Tenaanval

Tenaanval

Over bibliothecarissen, bibliotheken, leesbevordering en soms over kunst

vernieuwing

All of the posts under the "vernieuwing" tag.

Conferentie The Makers Library

The Makers Library uitnodigingGisteren was ik bij The Makers Library conferentie in poppodium 013 in Tilburg, georganiseerd door de Brabantse Netwerkbibliotheek. Waar overigens overigens opvallend veel niet-Brabanders rondliepen. Het is me nog steeds niet helemaal duidelijk waarom ze het een Strategische Conferentie noemden, maar het was een interessante dag waar je een mooi beeld kon krijgen van een aantal initiatieven.

Dat ik een beetje de kriebels kreeg van de openingslezing van Professor Hans Mommaas lag ongetwijfeld aan mij, want ik krijg al snel de kriebels van organisaties die mij een “experience” willen verkopen in plaats van gewoon een kaartje voor een concert. Maar dat is nou eenmaal de moderne tijd, net wat u zegt. Pas tegen het einde van zijn verhaal kwam hij (wat mij betreft) “to the point”. Voor wie meer over die lezing wil weten moet maar het even het verslag van Johan lezen, die gaat er veel uitgebreider op in.

Daarna kwam Louise Overgaard van de bibliotheek van Aarhus die uitgebreid inging op de manier waarop ze in Aarhus Maker Spaces maken en hoe zij actief op zoek gaan naar partijen en individuen om mee samen te werken.  En over hoe in het nieuwe gebouw dat op dit moment gebouwd wordt al extra ruimtes zijn ingetekend voor externe partijen. Heel interessant, vooral ook omdat het uiteindelijk allemaal blijkt neer te komen op persoonlijk contact: zowel bij het bouwen van het netwerk dat je nodig hebt voor die Maker Spaces als bij het uitvoeren er van. Ze had het over “collaborative innovation” want de bibliotheek is “a relational business”. “it’s a good thing to be disturbed” (stel vragen bij alles) en “Don’t say: no I can’t or where can I buy that?”. Want het is geen formule die je uit kunt rollen of een model dat je kunt toepassen.

Over die laatste opmerking kreeg ik het in de pauze aan de stok met een bibliotheekdirecteur die dat belachelijk vond.
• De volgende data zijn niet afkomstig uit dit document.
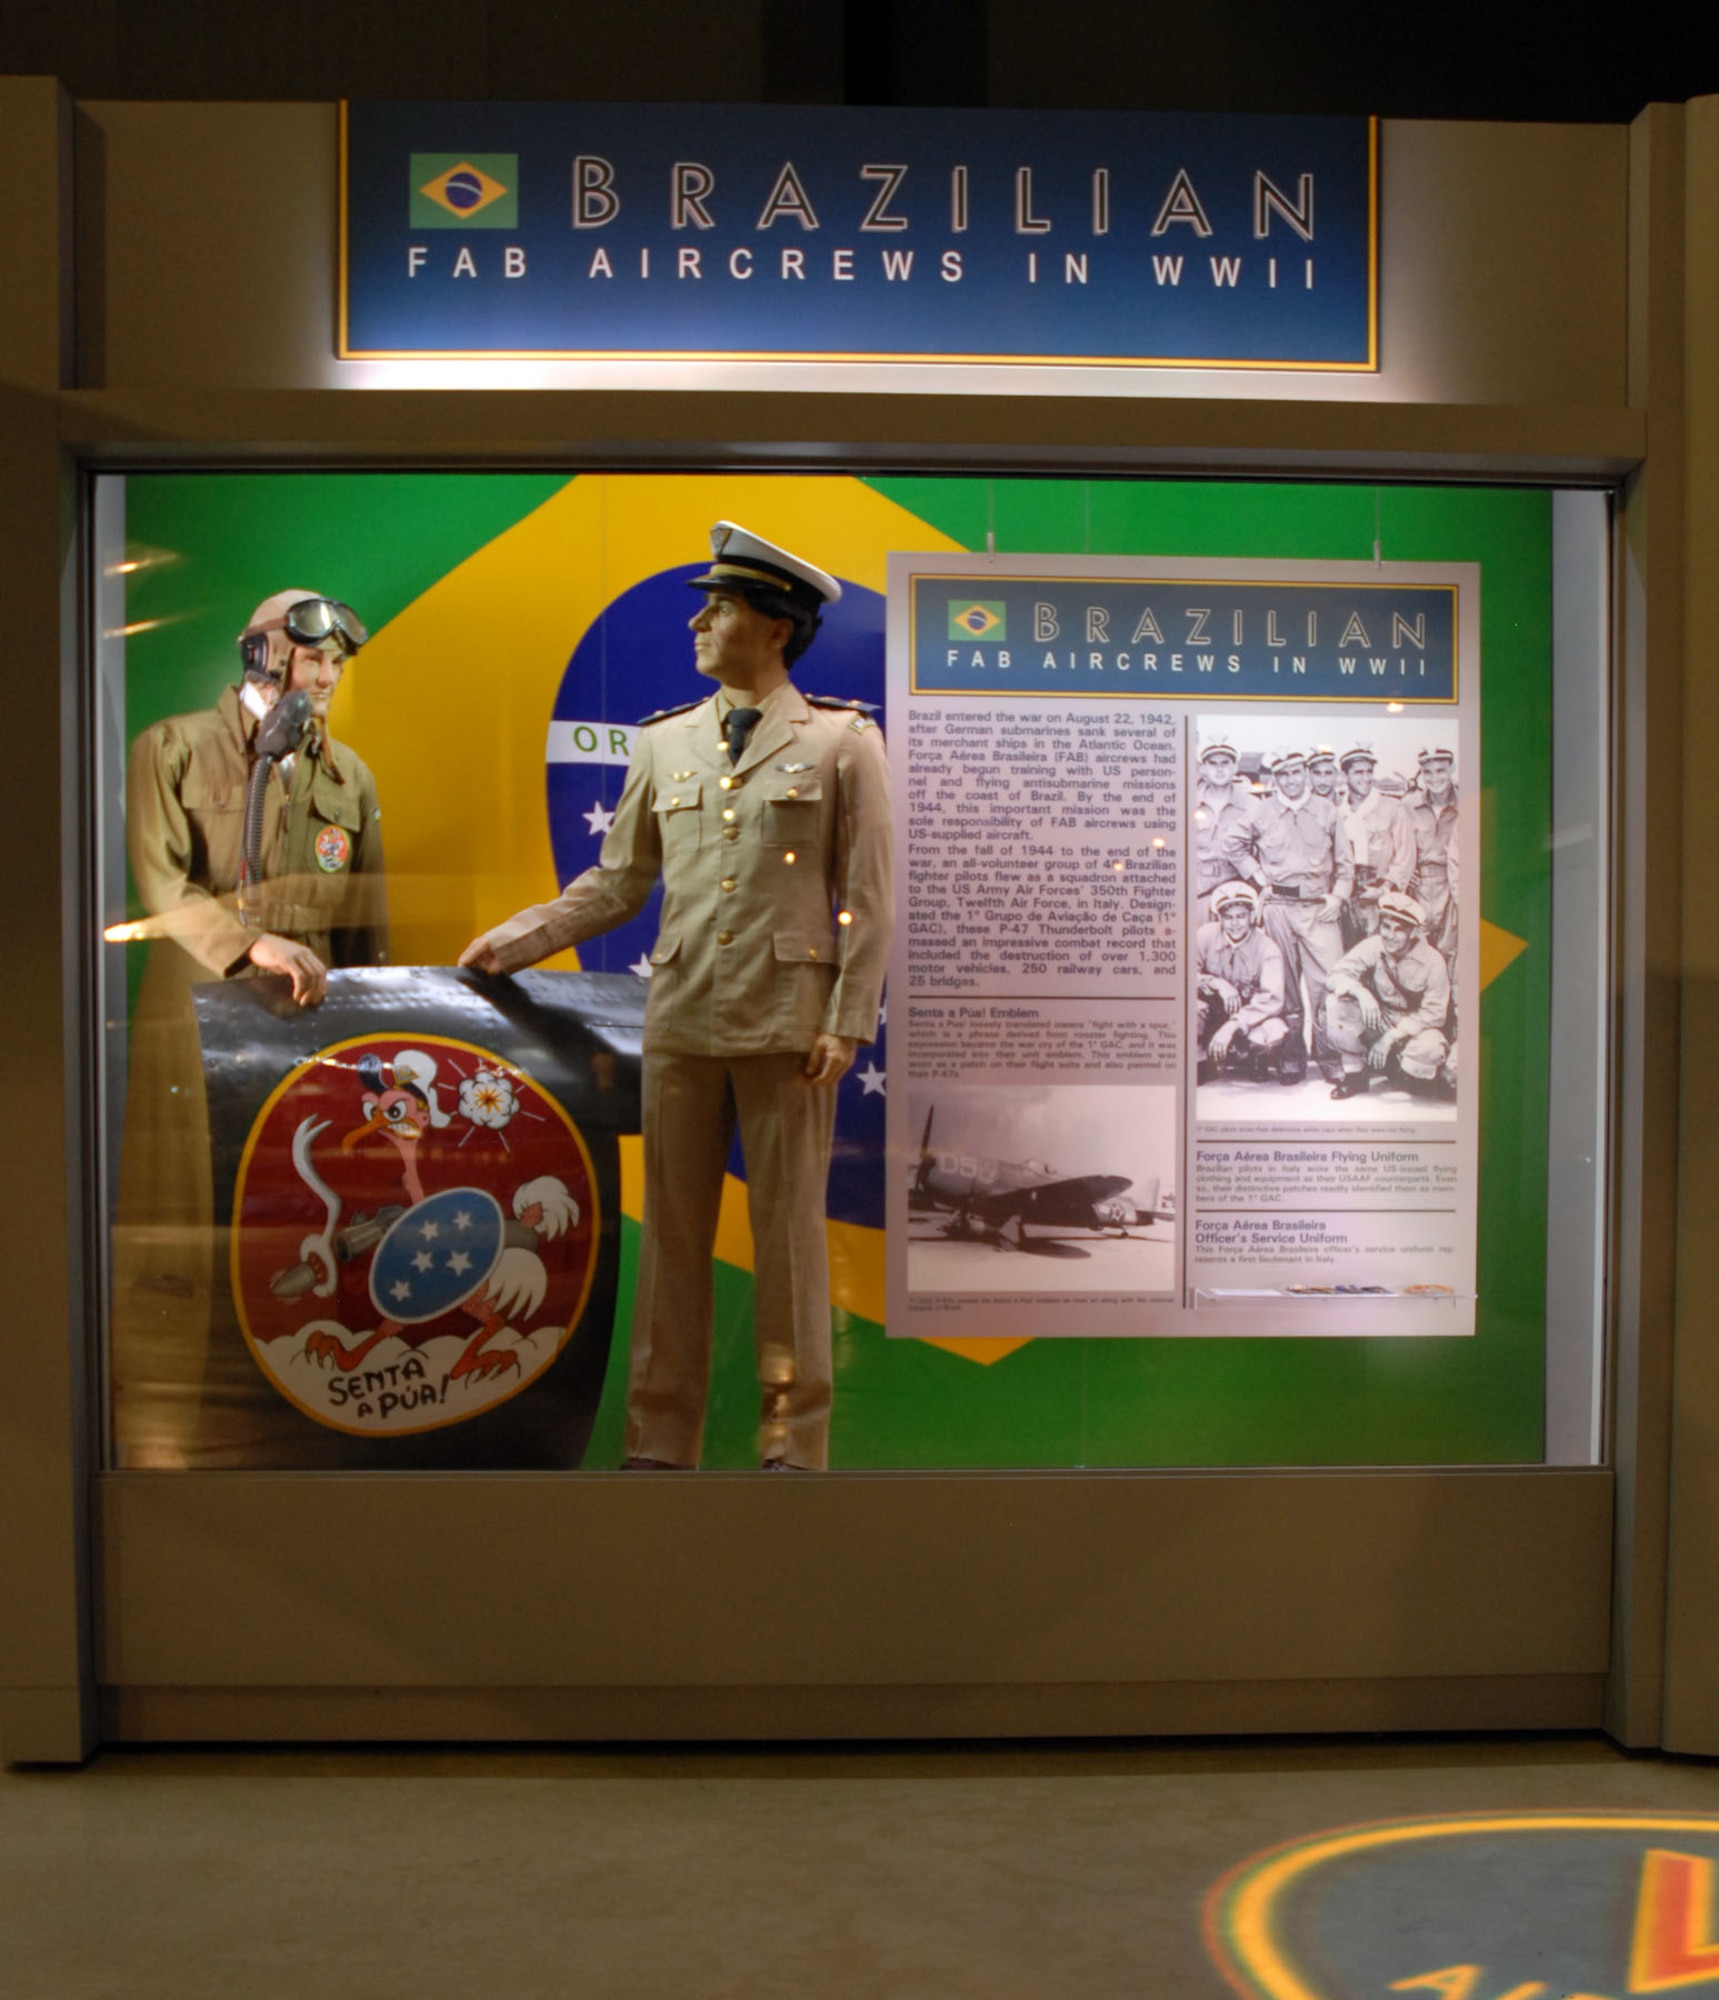 DAYTON, Ohio - The Brazilian FAB aircrews portion of the WWII: Airmen in a World at War exhibit in the World War II Gallery at the National Museum of the U.S. Air Force. (U.S. Air Force photo)

Want natuurlijk kon dat wel, anders ging iedereen maar weer hetzelfde wiel uitvinden en dat was onzin. Het fijne van zo’n conferentie is dat je soms gewoon kunt weglopen…

In de middag waren er workshops over kleine initiatieven in Nederland: ik was bij een presentatie van de Leeszaal Rotterdam West. Reuze interessant en jaloersmakend de betrokkenheid die zij hebben weten te organiseren. Het is nadrukkelijk geen bibliotheek maar een buurtinitiatief in een buurt die zo te horen al tamelijk goed georganiseerd was voordat de Leeszaal werd geopend. Mooi verhaal! Daarna was ik bij Ik lees de wereld, en ik heb aan het verslag van Wouter daar over niets meer toe te voegen.
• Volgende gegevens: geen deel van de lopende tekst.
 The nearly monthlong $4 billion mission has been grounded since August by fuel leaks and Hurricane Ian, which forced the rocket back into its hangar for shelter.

En alsof het zo moest zijn las ik in de trein terug naar huis het essay van Jos van der Lans in De Groene over hoe de rijksoverheid de door haarzelf opgebouwde verzorgingsstaat in snel tempo aan het afbreken is en hoe de burger zijn heil elders zoekt. Het woord bibliotheken komt in het hele artikel niet voor, maar dat kun je er zelf wel bij denken. Het artikel bewijst wat mij betreft dat bibliotheken verder moeten kijken dan hun eigen wereldje en verder dan alleen hun eigen gemeentelijke bezuinigingen.

Voor wie er geen genoeg kan krijgen kan bij Joost ook nog een verslag lezen.
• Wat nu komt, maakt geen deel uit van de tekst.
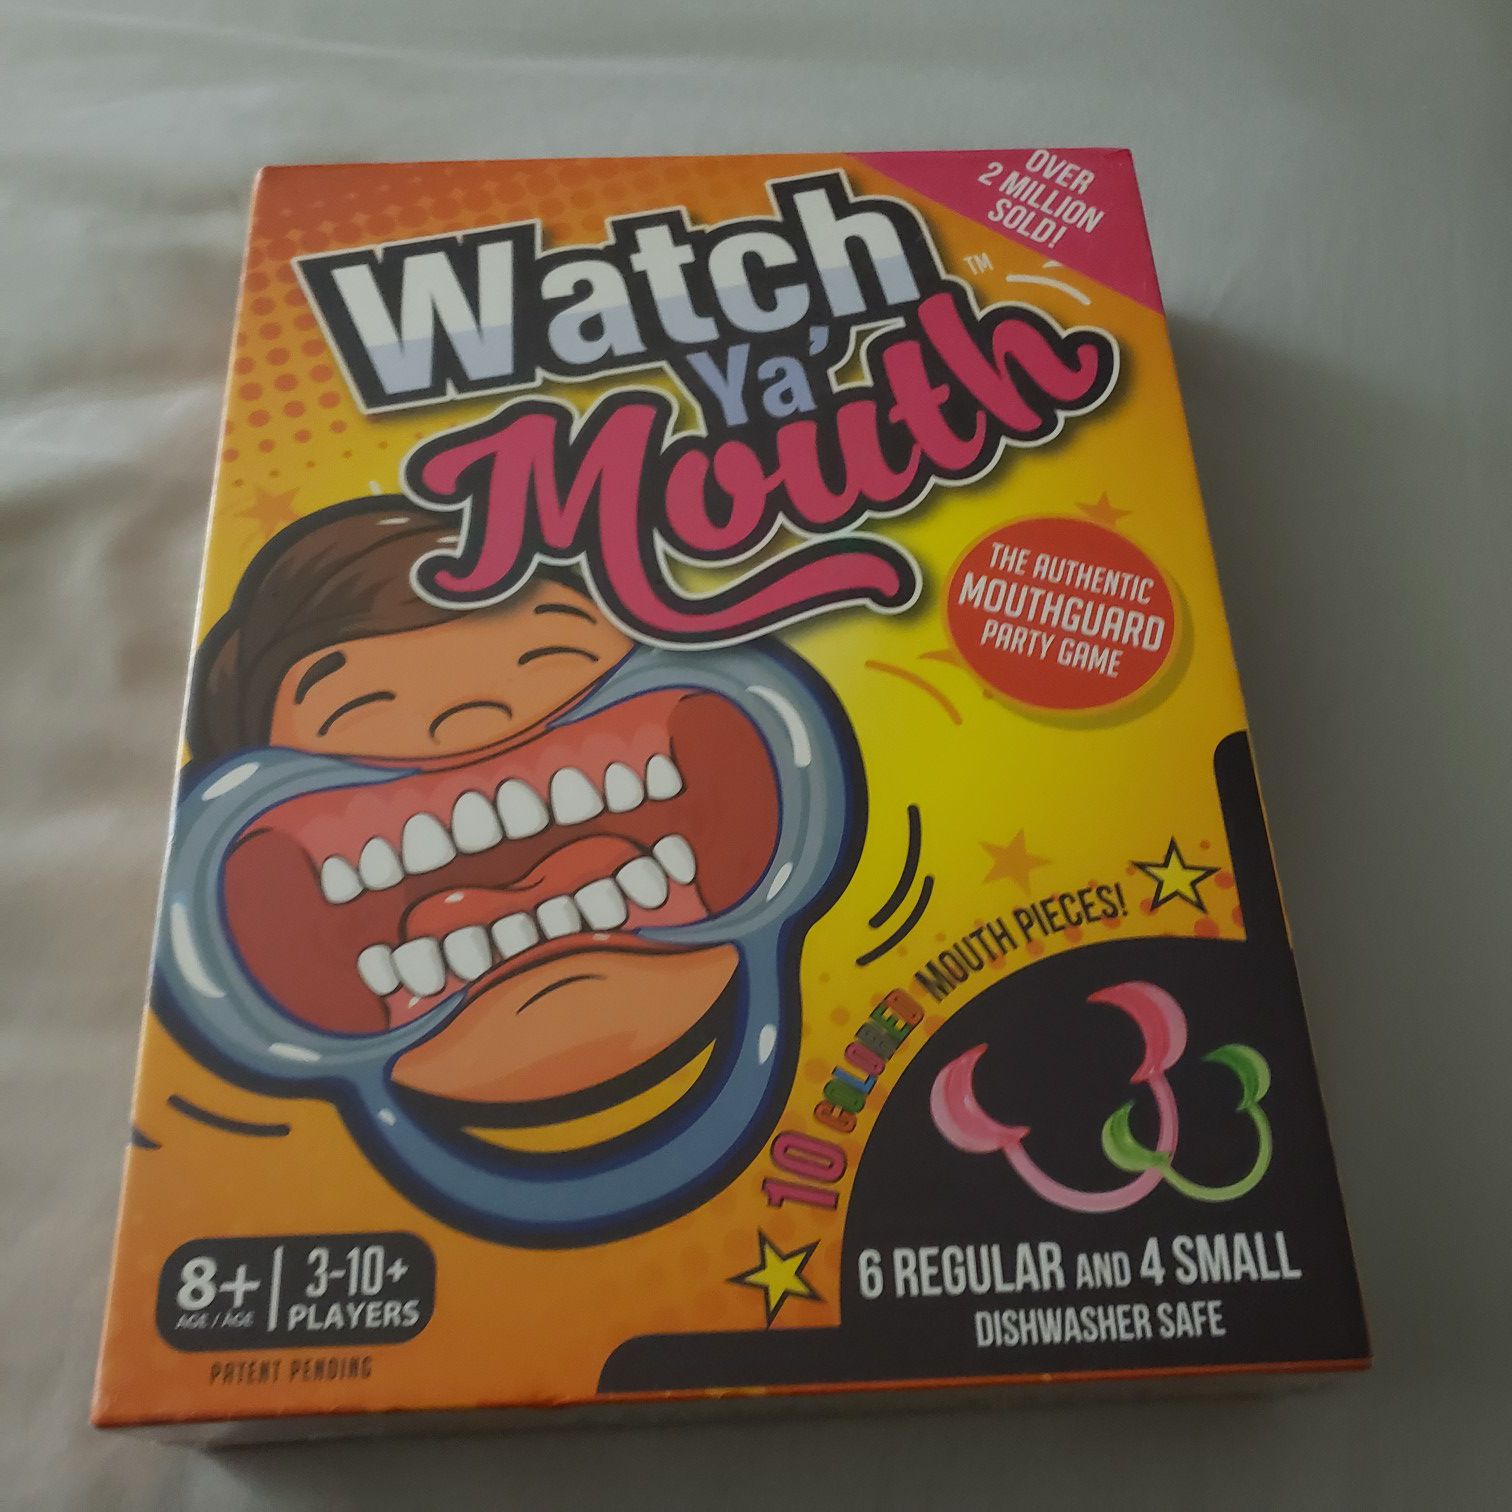 Watch your mouth board game

Keukenprinsen en Maker Spaces

rock springs fermentingDe afgelopen weken zie ik steeds vaker begrippen als Maker Spaces of de “makersbibliotheek”. Omdat ik nog niet zo’n goed beeld heb van wat dat nou precies inhoudt heb ik er nog niet zo’n uitgesproken mening over. Behalve een soort algemeen enthousiasme omdat ik altijd blij wordt van initiatieven die actief mensen opzoeken.

Tot nu toe kwam in de meeste verhalen over Maker Spaces  een 3D-printer voor, behalve in het FryskLab dan, maar ze zijn in elk geval allemaal erg op techniek gericht. In een verslag bij Techsoup for libraries las ik over de bibliotheek van Rock Springs, Wyoming. Die hebben een Maker Space rondom eten, of zoals ze zelf zeggenInterested in a Maker Space at your library? Why not center it around food? After all, everyone eats, right? 

Onder de noemer Kitchen Creations organiseren ze cursussen pasta maken (groot succes, de bibliotheek heeft inmiddels een pastamachine aangeschaft), brood bakken, soep maken en groente en fruit fermenteren (zie bovenstaande foto). Ze vertonen films rondom eten en discussieavonden onder de noemer FOOD FOR THOUGHT Documentary and Discussion Series. Kijk op hun Facebook pagina om een idee te krijgen van wat ze doen en vooral van hoe simpel het eigenlijk is wat ze doen. Hun bibliotheek zit in/aan een Community Center, dus ze hebben een keuken tot hun beschikking, dat is wel handig natuurlijk.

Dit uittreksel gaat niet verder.